Organic–inorganic polymer hybrid films were prepared, using polyvinyl alcohol–polyethylene glycol blend as the organic host matrix. Silver sulfide (Ag2S) semiconductor particles have been synthesized in polymer blend matrix, by in-situ method. Polymer hybrid films, with various amounts of Ag2S were prepared and characterized structurally, optically and electronically by using various characterization techniques, such as Fourier transform infrared spectroscopy (FTIR), X-ray diffraction (XRD), Scanning electron microscopy (SEM), UV–Vis absorption spectroscopy, temperature and time dependent DC electrical studies.
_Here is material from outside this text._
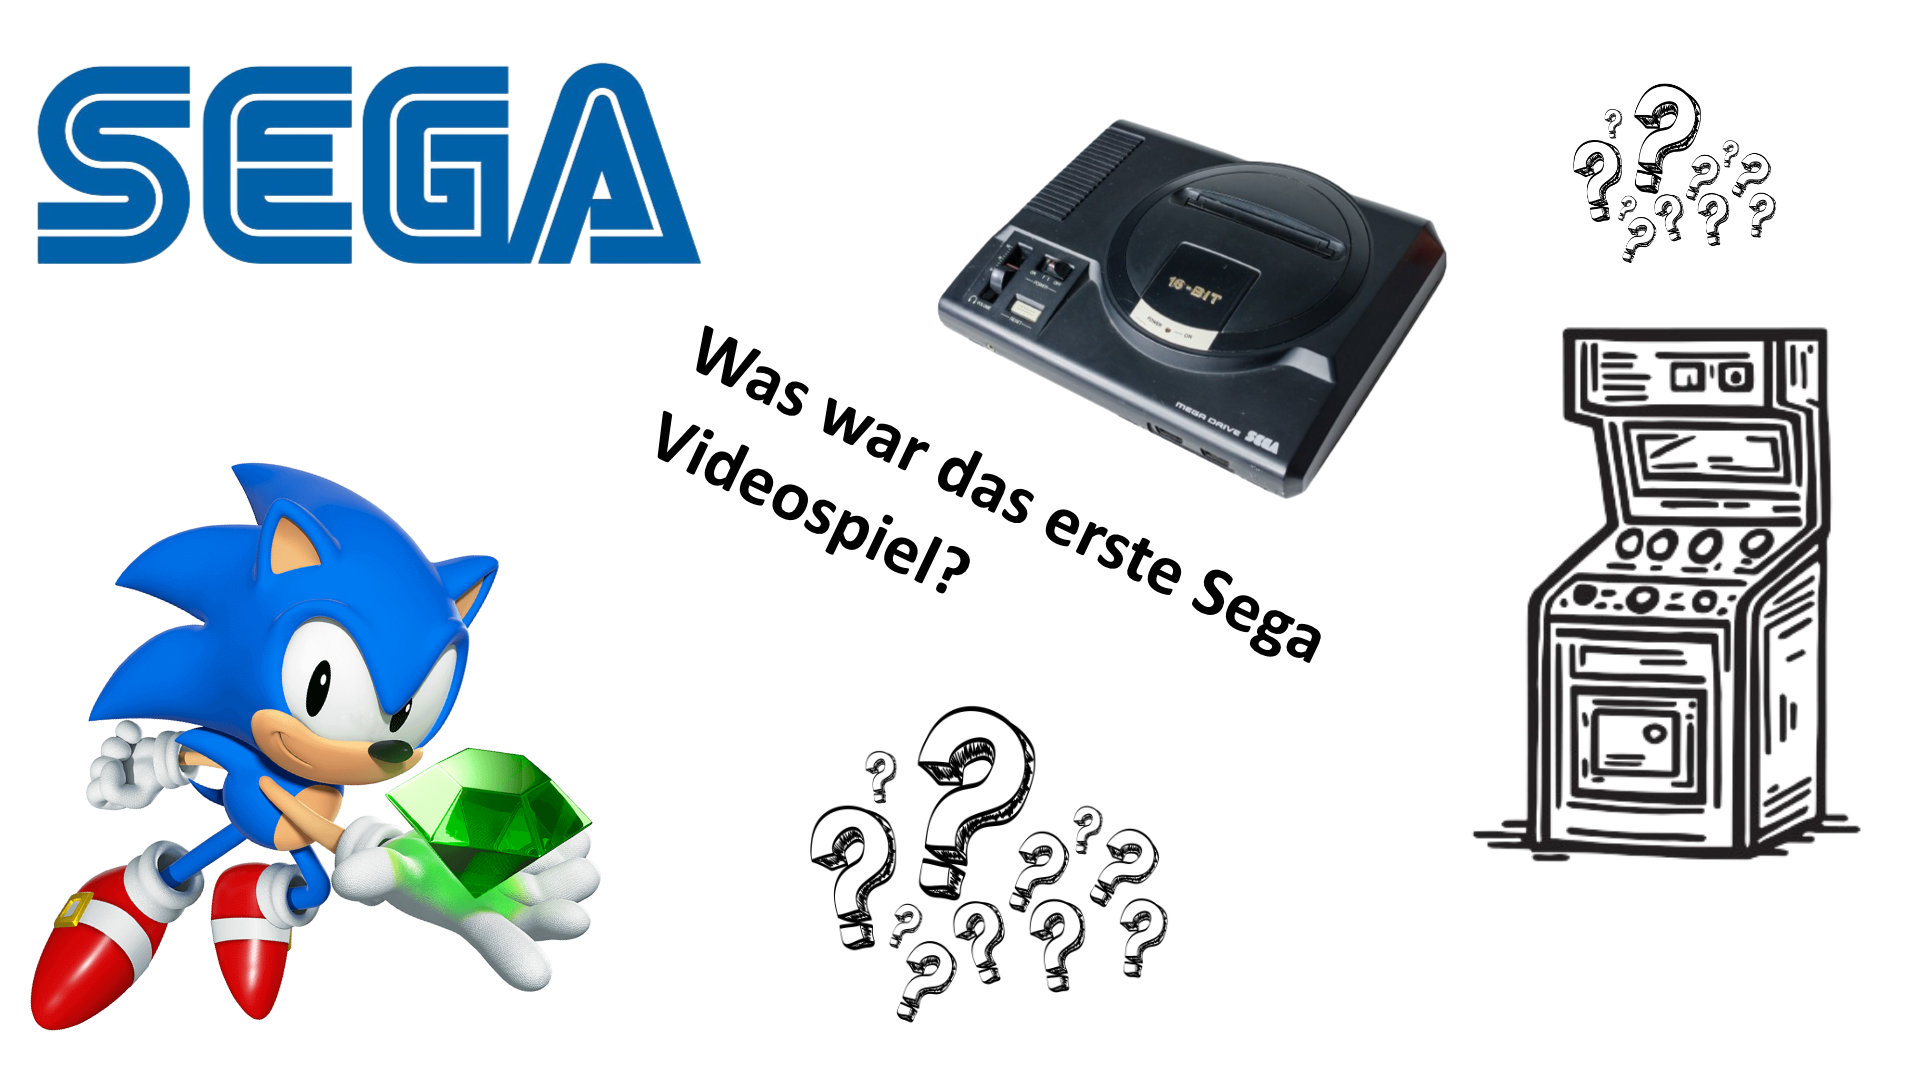 Sega: Was war das erste Sega Videospiel?

Hydrogen bonding interactions take place between hydroxyl groups (OH) and carbonyl groups (C=O) of polymer blend molecules with Ag+ ion of Ag2S filler, indicating complex formation between polymer matrix and filler, which is confirmed by FTIR technique. XRD results showed presence of additional multiple peaks (compared to pure blend film) corresponding to αʹ-Ag2S monoclinic crystal system. Changes in degree of crystallinity (%C) are observed for hybrid films with various amounts of Ag2S, showing a highest value of 18.2% for the film containing 0.372 g of Ag2S, when compared to 13.45% (%C) for pure blend film. Uniform distribution of Ag2S nanoparticles in polymer blend matrix is revealed by SEM analysis for hybrid film containing 0.372 g of Ag2S. UV–Vis absorption studies showed multiple absorption peaks due to added filler. Highest value of room temperature conductivity of 9.40 × 10−7 S/cm was obtained for the hybrid film containing 0.372 g of Ag2S. Values of transference numbers (tion and tele) in time dependent electrical studies indicated that the electrical conductivity in pure blend film as well as hybrid films is mainly due to ions.

Keywords

Polymer Hybrid material PVA PEG Silver sulfide Characterization 

Notes

Acknowledgements

The authors are thankful to University Science Instrumentation Centre (USIC), Karnatak University, Dharwad, for providing facilities to carry out FTIR, UV–Visible characterization and acquire the data. We are also thankful to Innovation center, MIT, Manipal for recording XRD data and SAIF-STIC, Cochin University, Kerala, for providing SEM images. The first author acknowledges financial assistance in the form of fellowship, BCWD, Government of Karnataka, India.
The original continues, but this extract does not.